When xfs_defer_capture extracts the deferred ops and transaction state
from a transaction, it should record the remaining block reservations so
that when we continue the dfops chain, we can reserve the same number of
blocks to use. We capture the reservations for both data and realtime
volumes.
This adds the requirement that every log intent item recovery function
must be careful to reserve enough blocks to handle both itself and all
defer ops that it can queue.
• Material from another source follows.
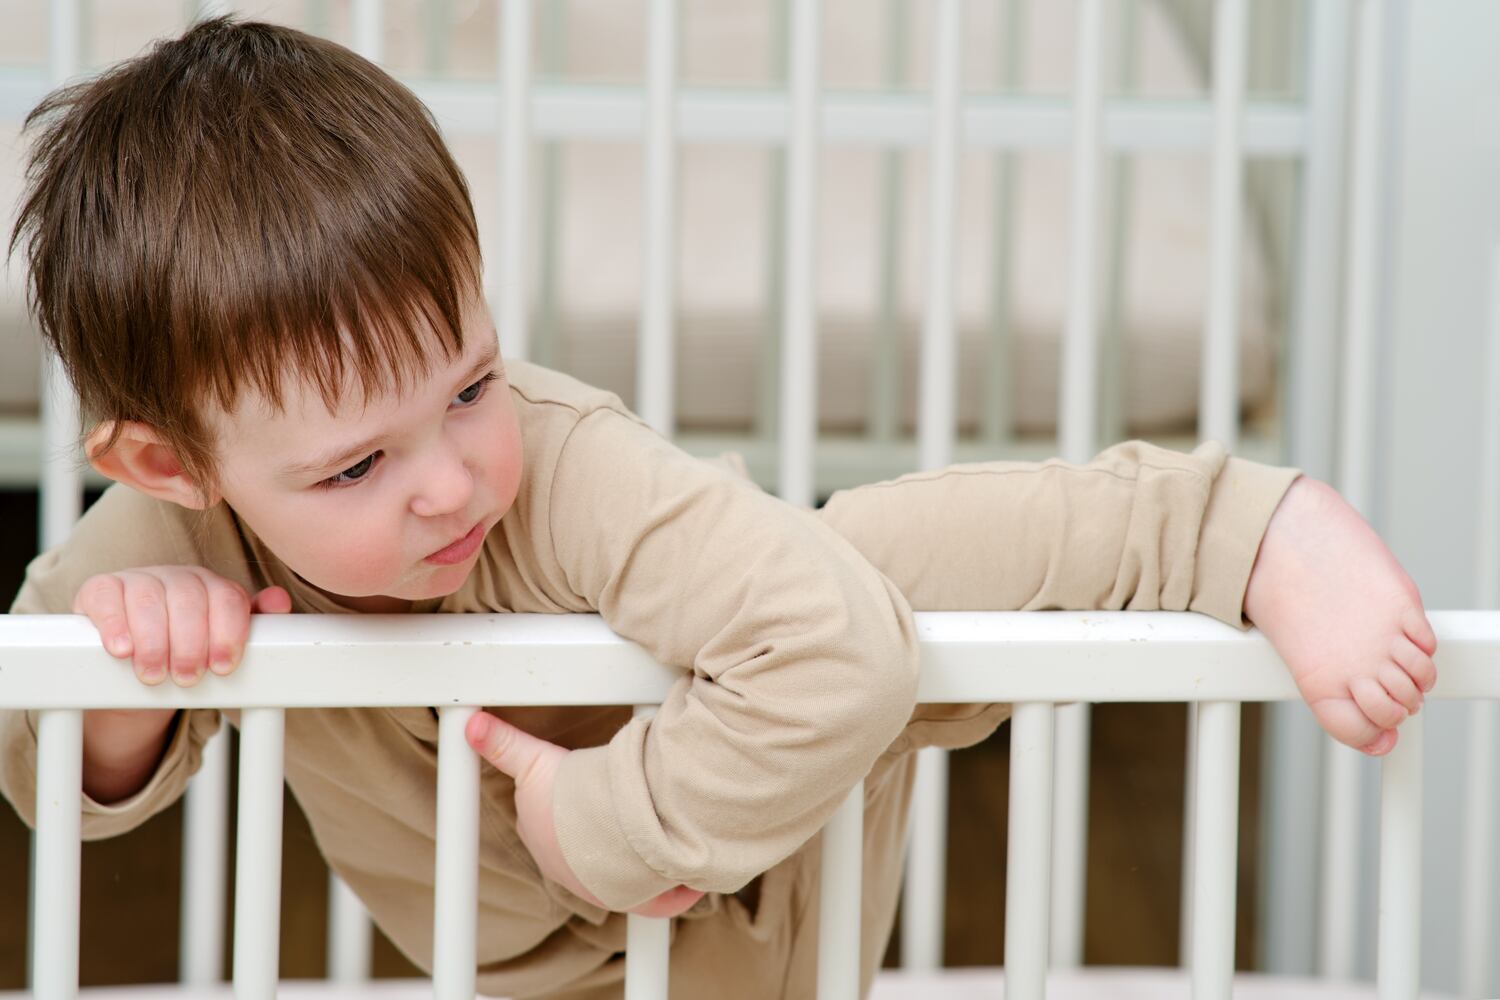 Toddlers climb out of crib due to several reasons

On the other hand, this enables us to do
away with the handwaving block estimation nonsense that was going on in
xlog_finish_defer_ops.
Signed-off-by: Darrick J. Wong <darrick.wong@oracle.com>
Reviewed-by: Christoph Hellwig <hch@lst.de>
Reviewed-by: Brian Foster <bfoster@redhat.com>
Signed-off-by: Chandan Babu R <chandan.babu@oracle.com>
Acked-by: Darrick J. Wong <djwong@kernel.org>
---
fs/xfs/libxfs/xfs_defer.c | 4 ++++
fs/xfs/libxfs/xfs_defer.h | 4 ++++
fs/xfs/xfs_log_recover.c | 21 +++------------------
3 files changed, 11 insertions(+), 18 deletions(-)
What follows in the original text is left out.